Soit les journalistes n’ont pas la moindre notion scientifique (ni même des métiers de l’industrie en général) et ne prennent même pas la peine de comprendre les tenants et les aboutissant du problème, soit les journalistes sont simplement des activistes. Je ne sais pas ce qui est le plus grave, mais une chose est sûre : dans les deux cas, ce ne sont pas des journalistes.


Bilan :

Dans les débuts du nucléaire, il y a certes eu une période où on a fait n’importe quoi, où on a joué aux "apprentis sorciers". Mais cette période est définitivement révolue. L’industrie nucléaire est dangereuse, c’est un fait, mais elle l’est exclusivement pour les travailleurs du nucléaire, qui sont eux extrêmement surveillés. Quant au citoyen lambda, il ne subira jamais le moindre impact réel lié à l’industrie nucléaire ; il faut en être conscient.

En comparaison, d’autres activités ont un impact quotidien potentiellement très grave et dont les conséquences sont parfaitement similaires à celles des radiations : ondes électromagnétiques, particules d’hydrocarbures pour ne citer qu’eux. Tournons donc notre regard vers les réels dangers modernes plutôt que de garder nos vieux croquemitaines.

Je l’accorde, il reste le problème des déchets. Mais est-ce vraiment un problème ? On ne peut pas dire que "ça pollue", la radioactivité étant à la base naturelle et inhérente à toute matière... La radioactivité est dangereuse pour l’homme, pas pour la nature ; pour nous protéger, il suffit d’isoler les déchets dans un coin, sachant qu’en plus ça ne représente pas des quantités gigantesques…
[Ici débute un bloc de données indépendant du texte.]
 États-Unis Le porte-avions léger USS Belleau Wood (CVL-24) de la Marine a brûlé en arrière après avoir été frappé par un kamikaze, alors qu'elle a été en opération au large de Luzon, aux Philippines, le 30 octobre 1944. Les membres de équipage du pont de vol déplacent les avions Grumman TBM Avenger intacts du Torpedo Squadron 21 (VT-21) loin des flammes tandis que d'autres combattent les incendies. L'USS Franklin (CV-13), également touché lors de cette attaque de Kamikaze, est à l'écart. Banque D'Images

De plus, il va sans dire que le nucléaire est actuellement la seule solution concrète permettant de lutter contre le réchauffement climatique. Il ne sera jamais possible de produire autant d’électricité avec l’éolien ; l’hydroélectrique est déjà exploité au maximum ; le solaire n’est pas encore au point en terme de coûts/rendement et surtout n’est pas encore capable de produire en masse. Etre écologistes anti-nucléaire me semble un non-sens. La seule alternative viable existe du côté de la fusion, mais ce ne sera pas avant 50 ans au moins, et de plus, cette technologie a déjà ses détracteurs !
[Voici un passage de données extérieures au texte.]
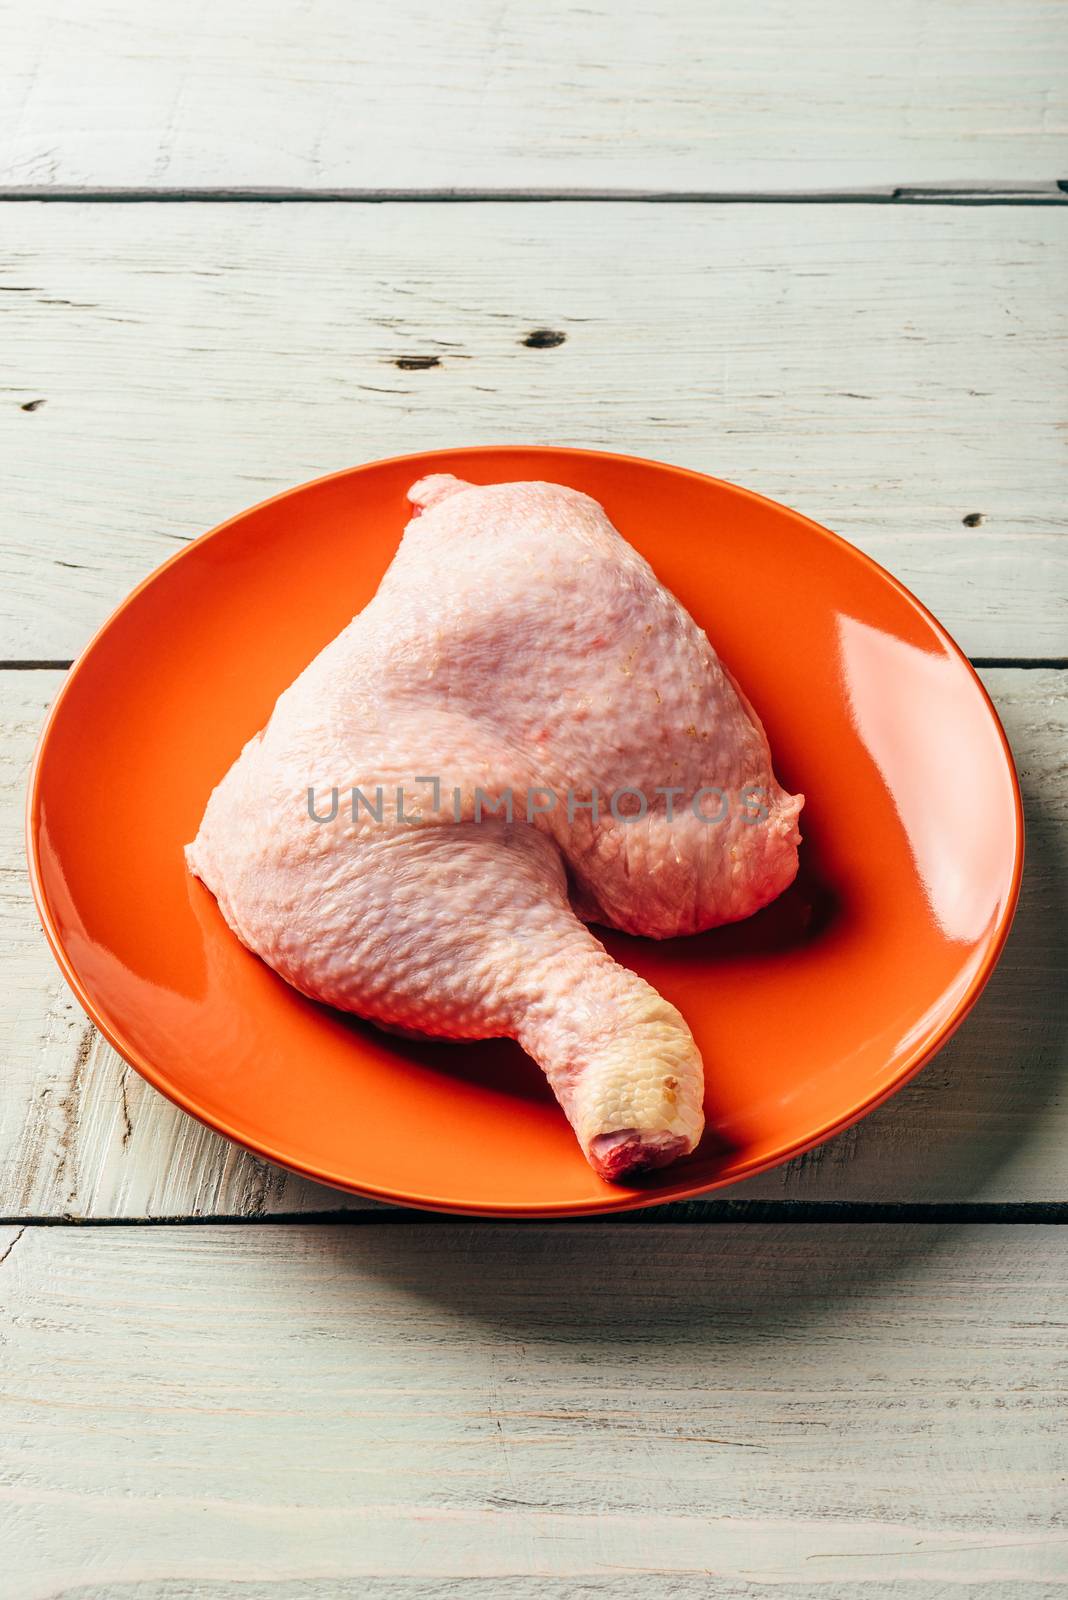 Chicken leg on orange plate over light wooden table

Donc la fin du nucléaire n’est pas pour bientôt : près de 300 projets de constructions de nouvelles centrales sont actuellement à l’étude. Il y a des arguments pour ; il y a des arguments contre aussi, je ne le nie pas. Mais la seule chose qui m’insupporte, ce sont toutes ces contre-vérités permanentes assénées par les médias et répétées par beaucoup.